### RECORDED INFORMATION:
━━━━━━━━━━

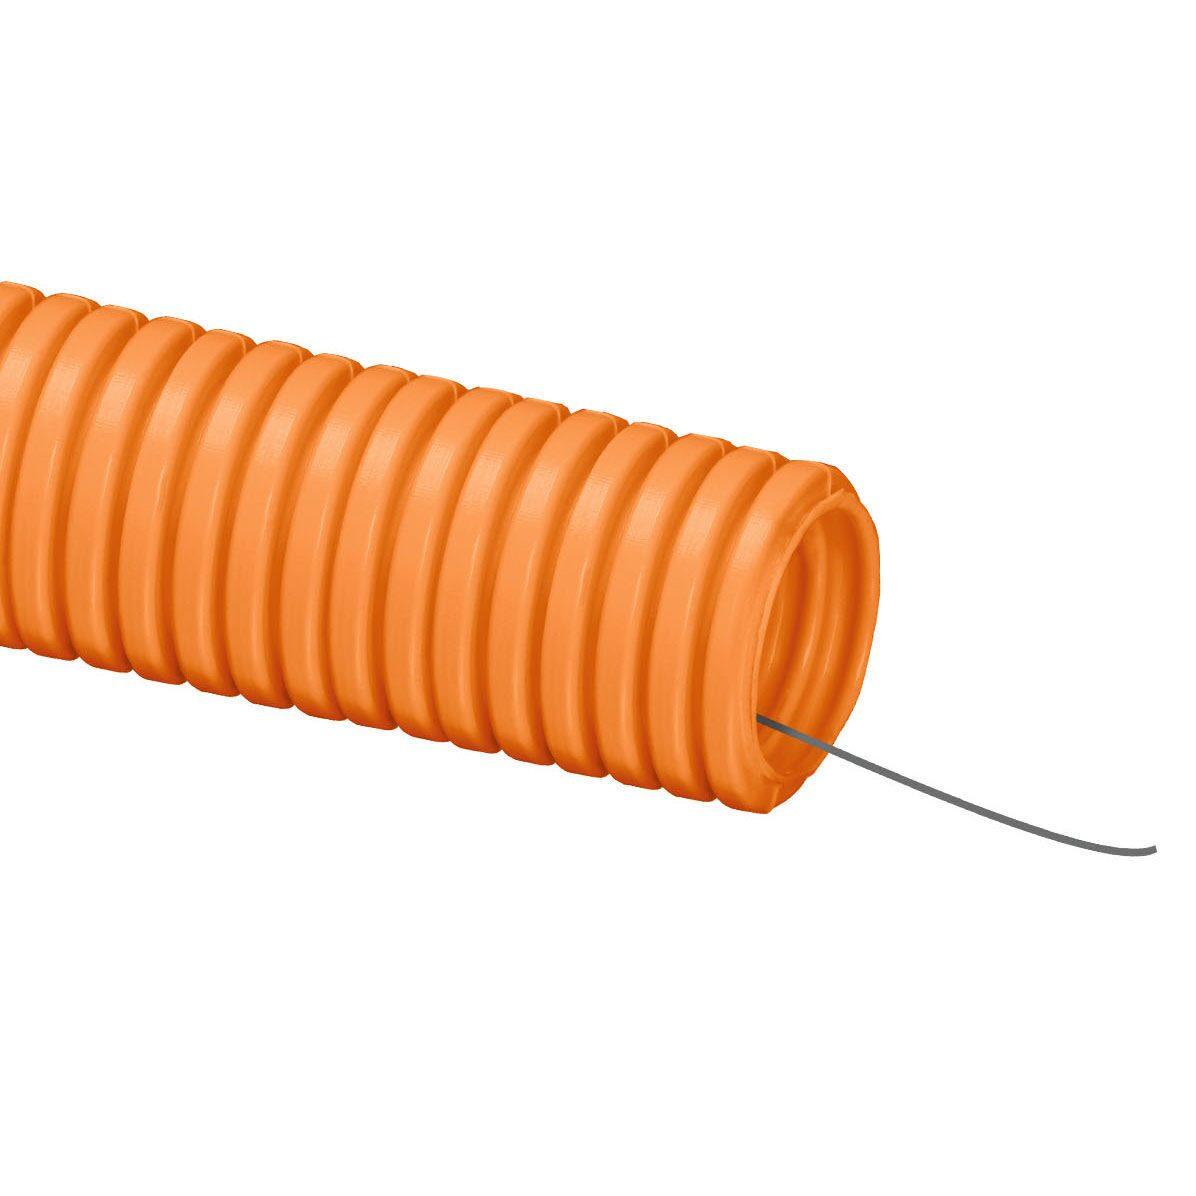 Труба гофрированная ПНД 16 мм  с протяжкой тяжелая оранжевая (100 м)
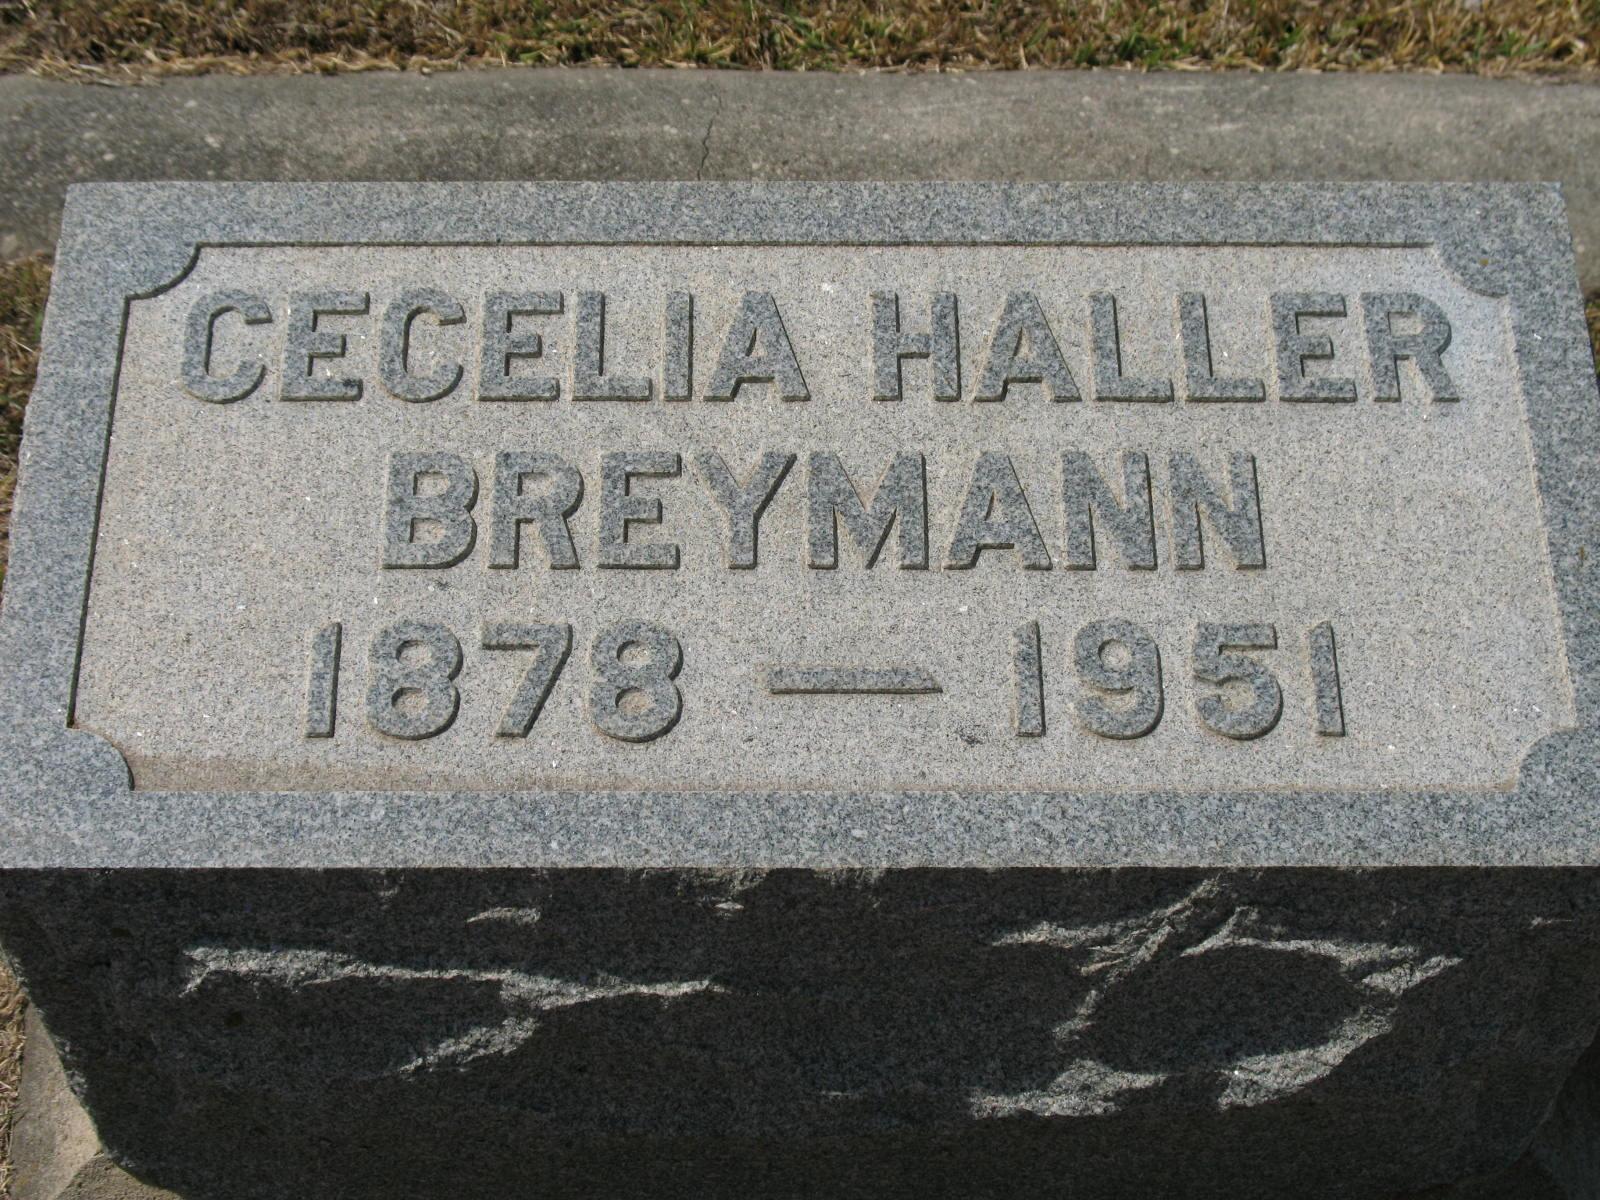 Cecilia Haller
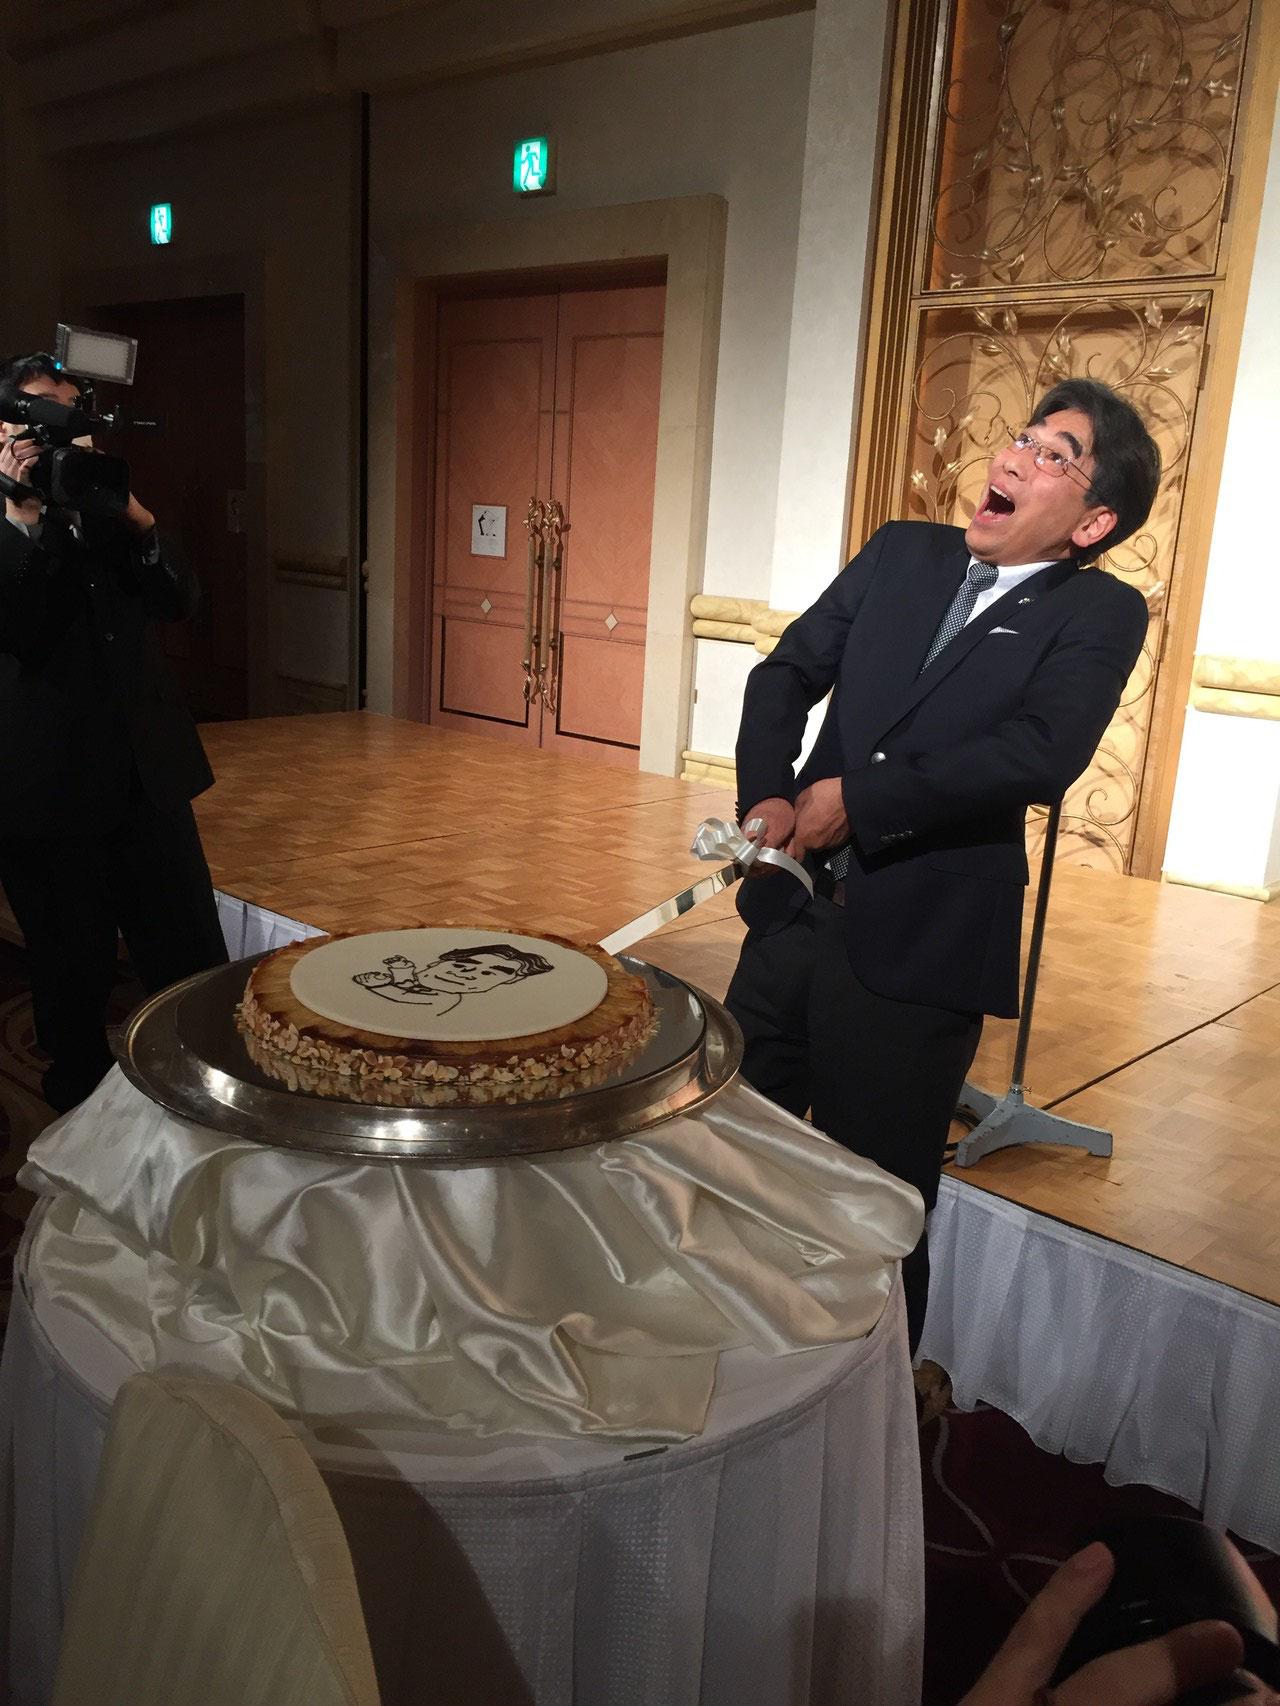 ケーキ入刀?

━━━━━━━━━━

### WHAT THE TASK REQUIRES:
Output the listing unchanged, pictures excluded.

### ANSWER BOX:
 Труба гофрированная ПНД 16 мм  с протяжкой тяжелая оранжевая (100 м)
 Cecilia Haller
 ケーキ入刀?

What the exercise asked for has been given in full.